### INFORMATION SHOWN:
[Start of section]

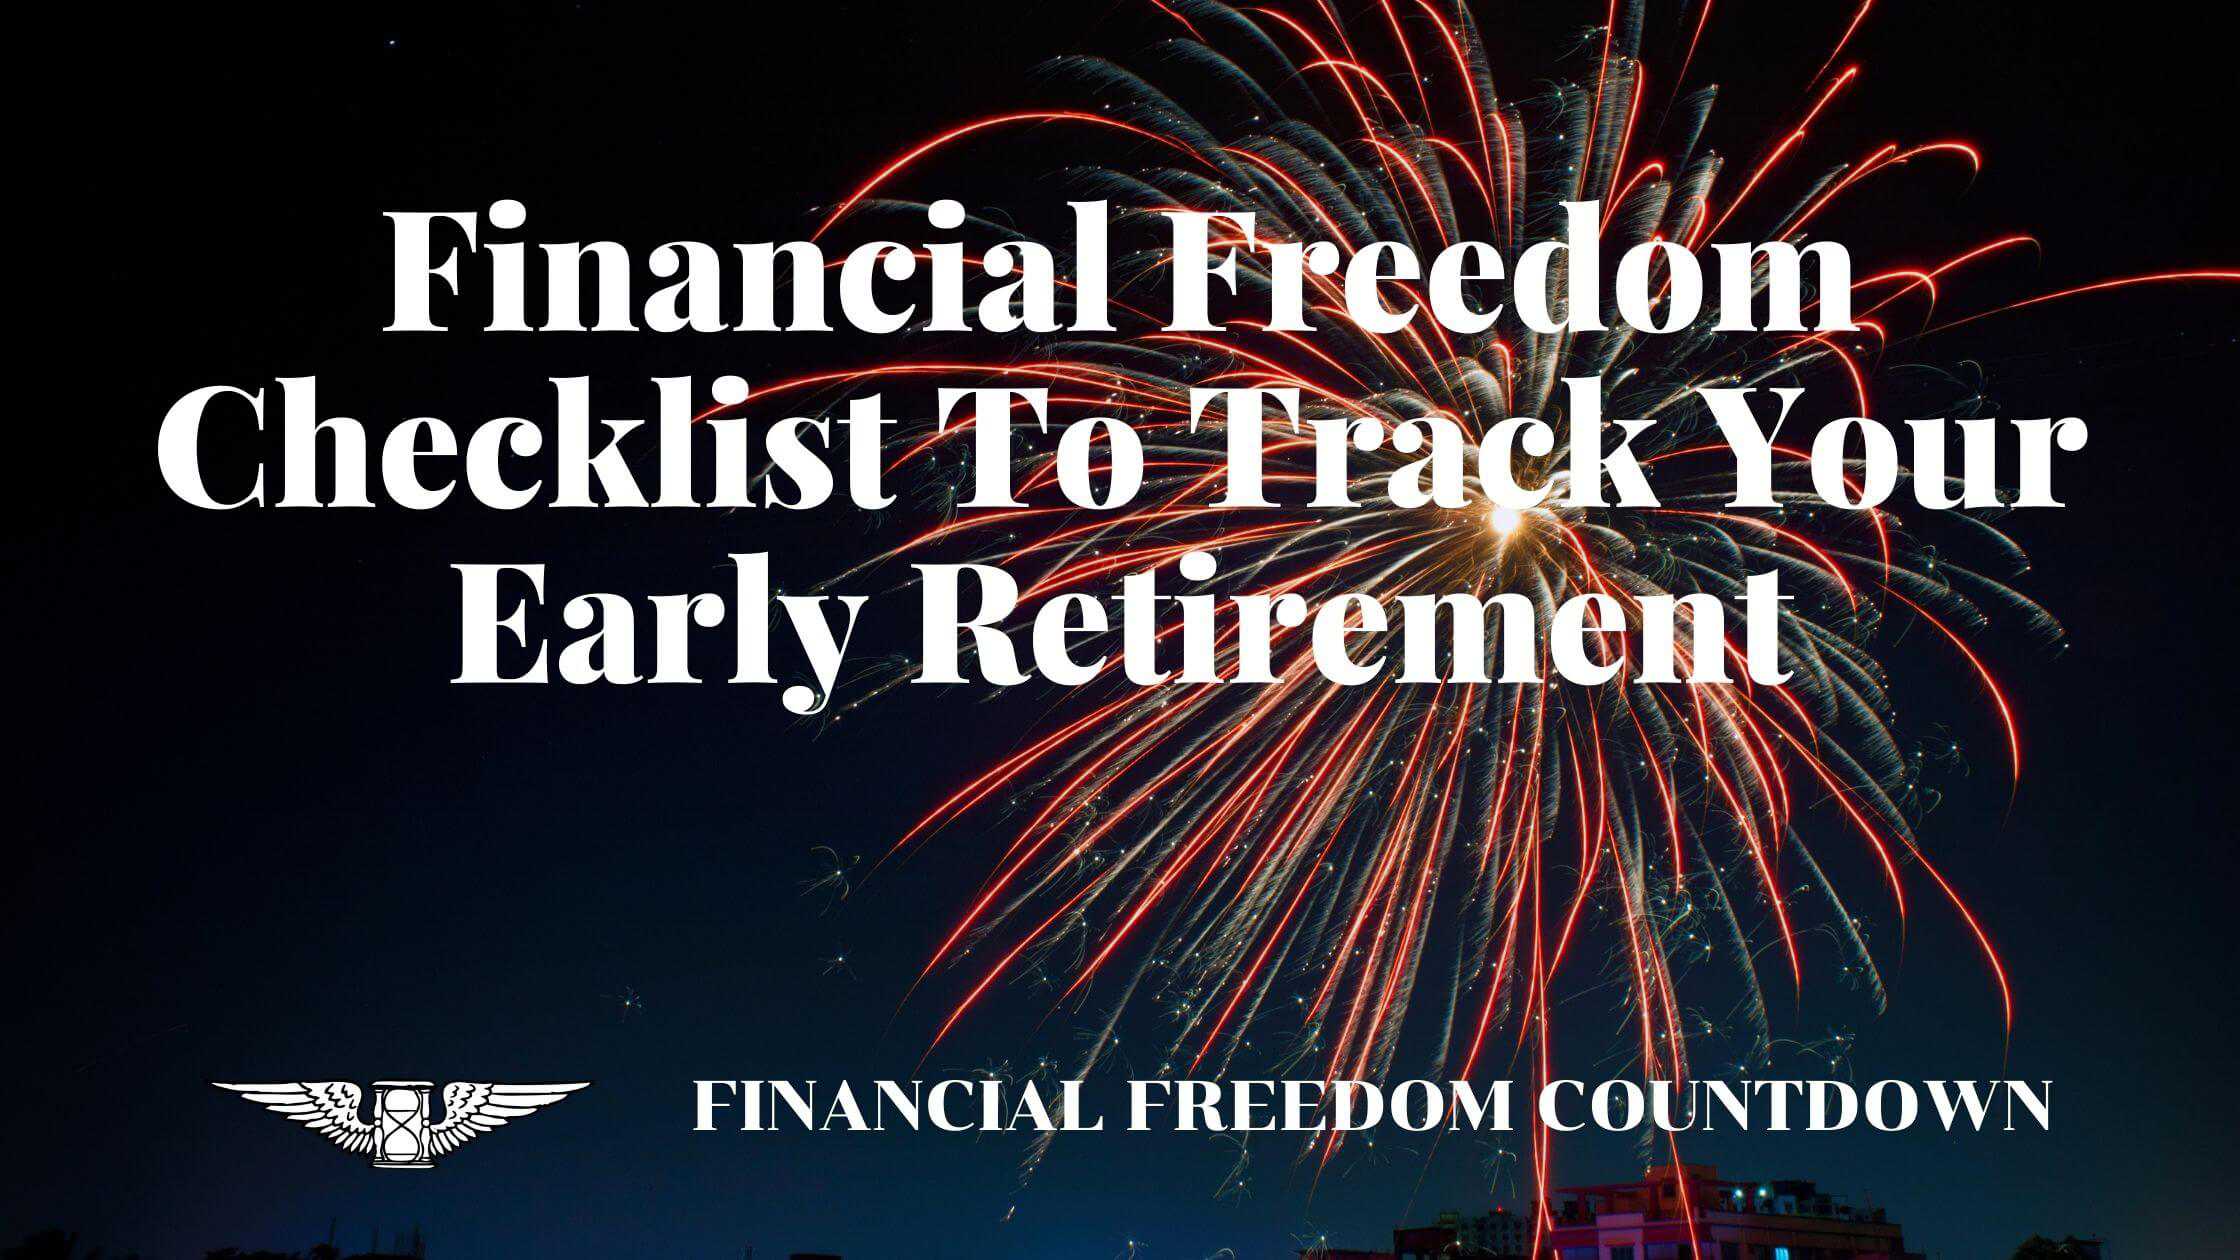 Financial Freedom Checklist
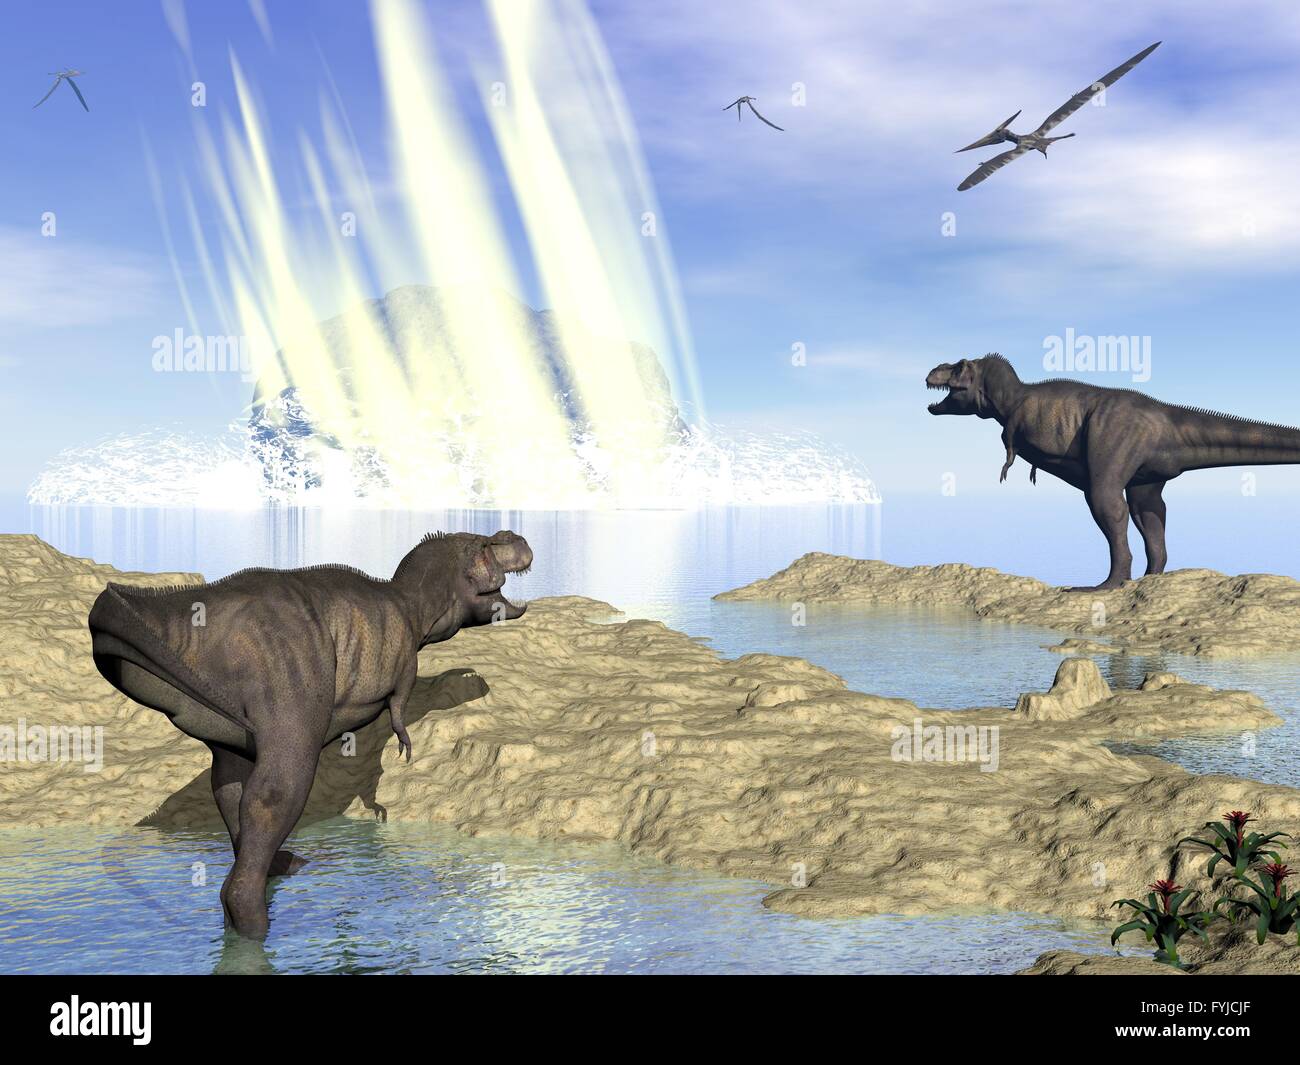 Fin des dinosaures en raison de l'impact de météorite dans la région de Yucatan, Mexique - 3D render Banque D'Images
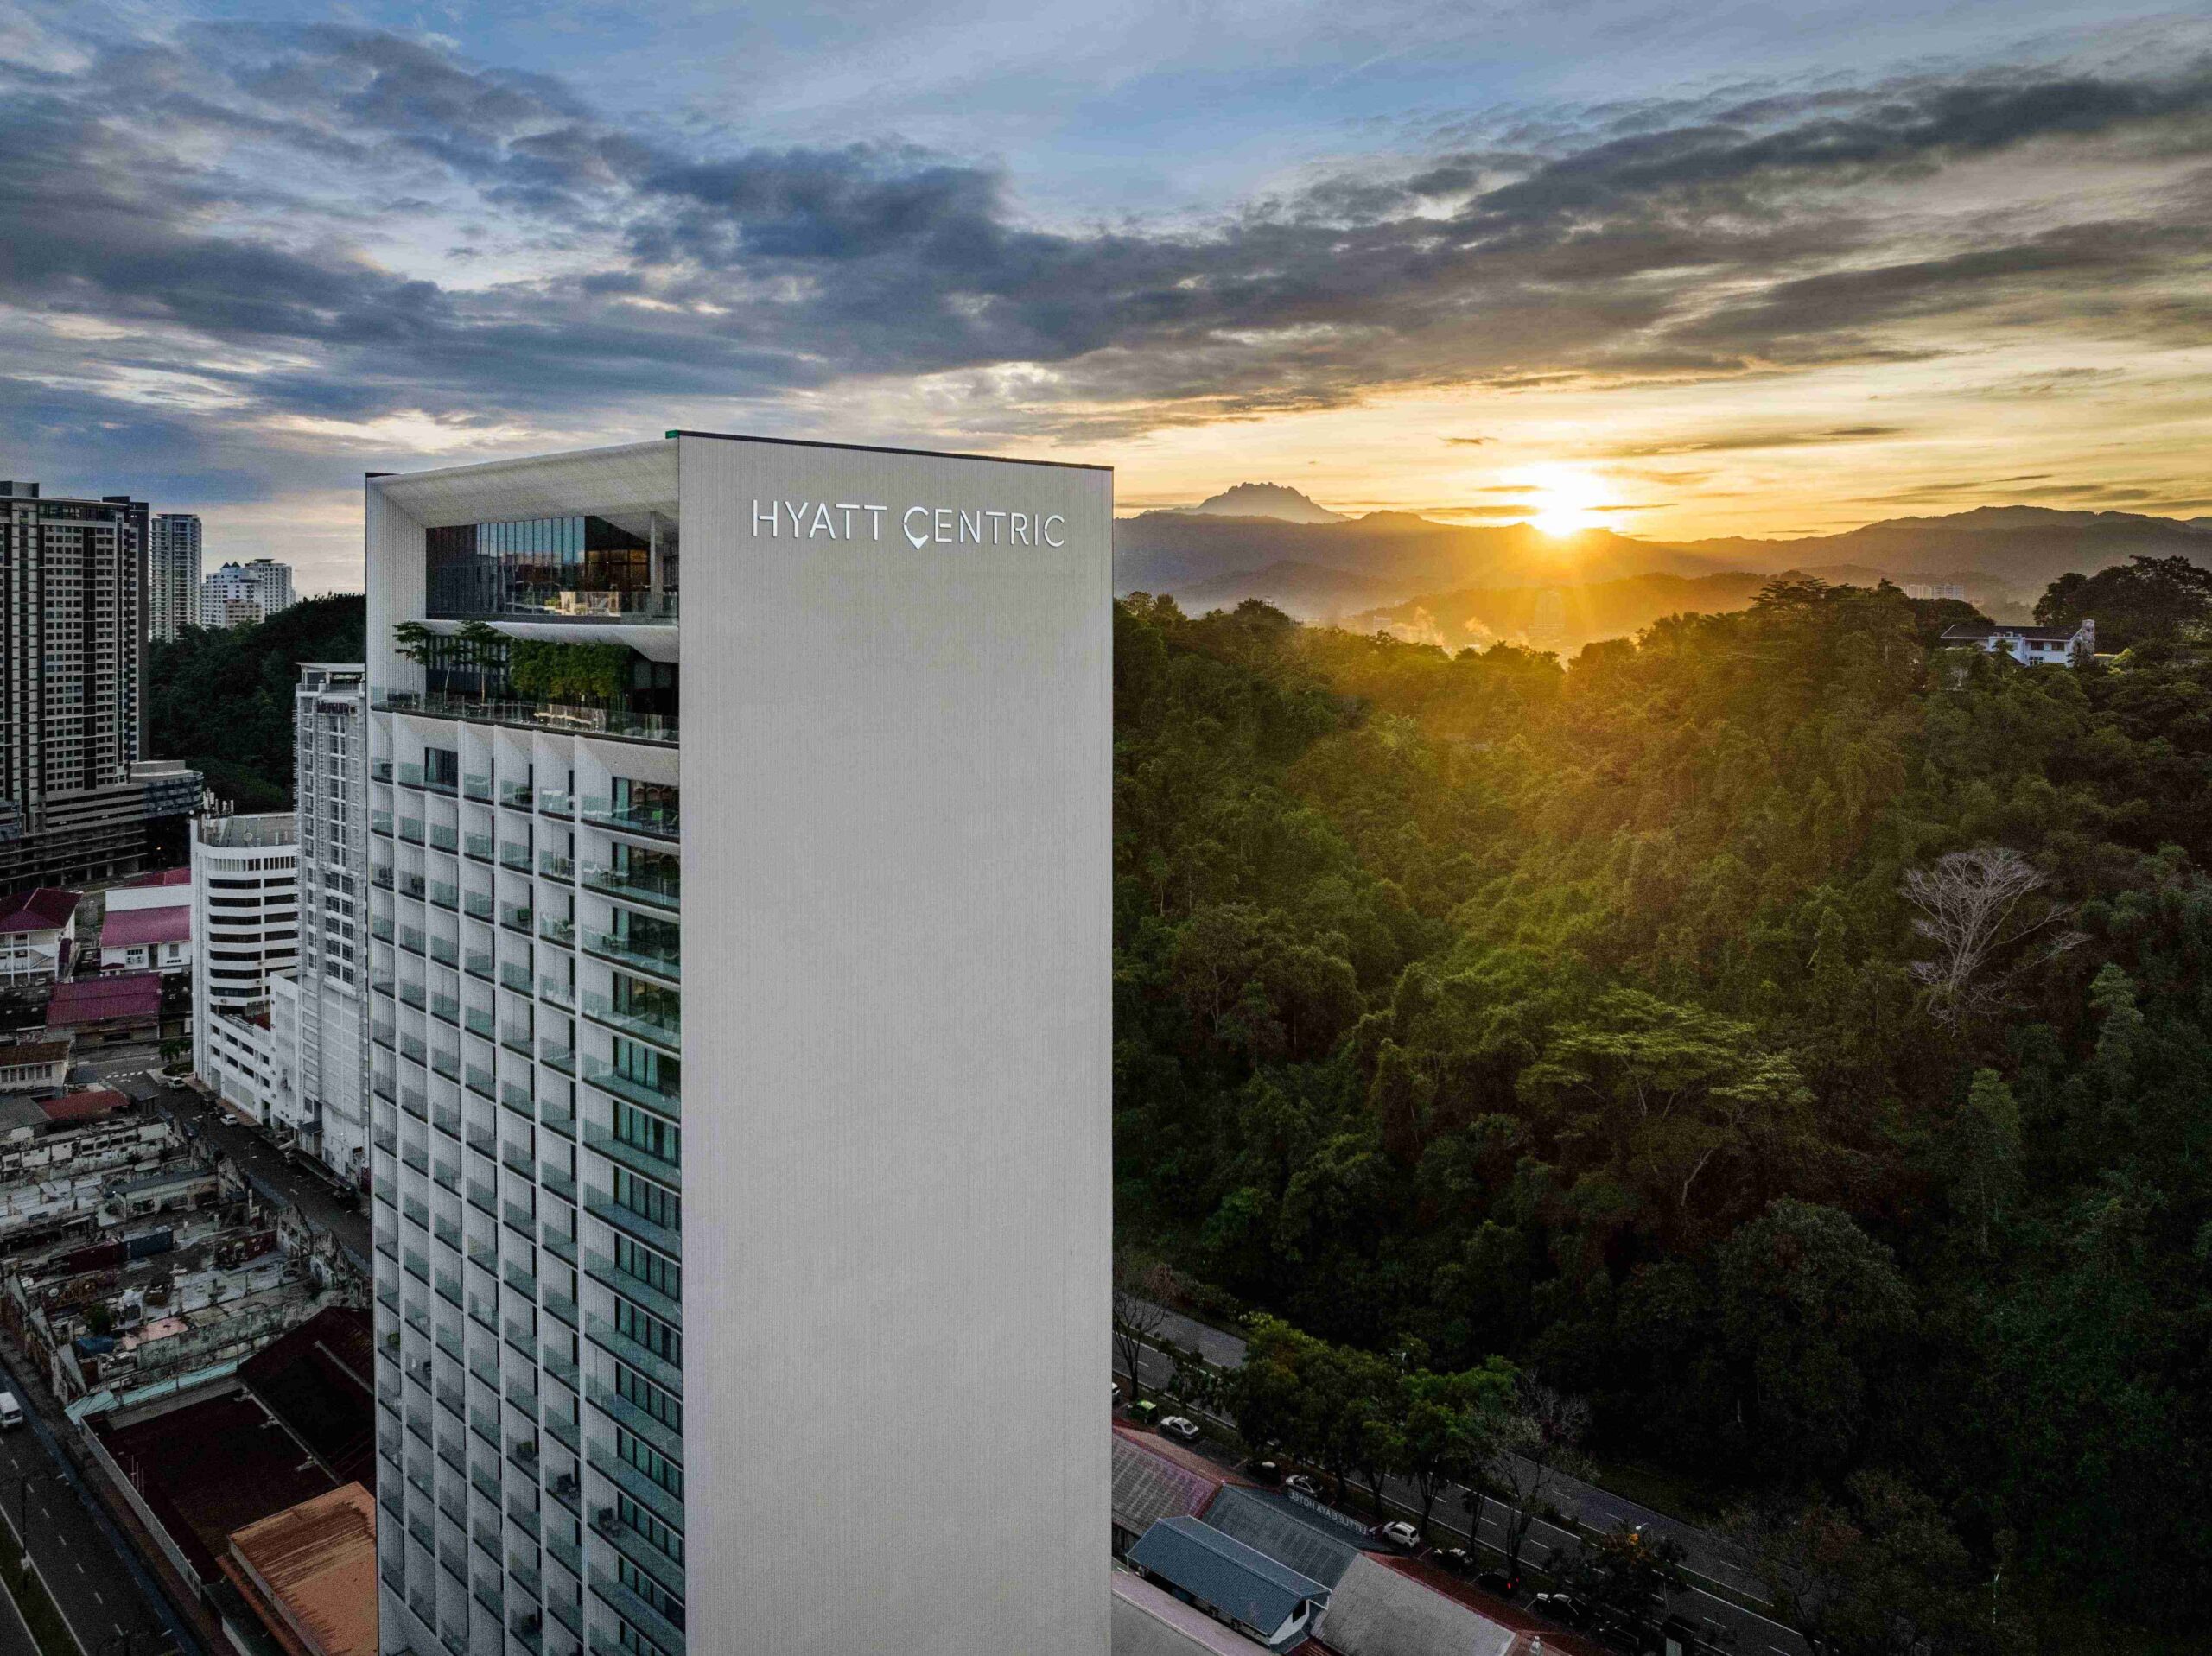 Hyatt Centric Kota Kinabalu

[End of section]

Leave the pictures out and output the rest of the listing exactly.

### TASK OUTPUT:
 Financial Freedom Checklist
 Fin des dinosaures en raison de l'impact de météorite dans la région de Yucatan, Mexique - 3D render Banque D'Images
 Hyatt Centric Kota Kinabalu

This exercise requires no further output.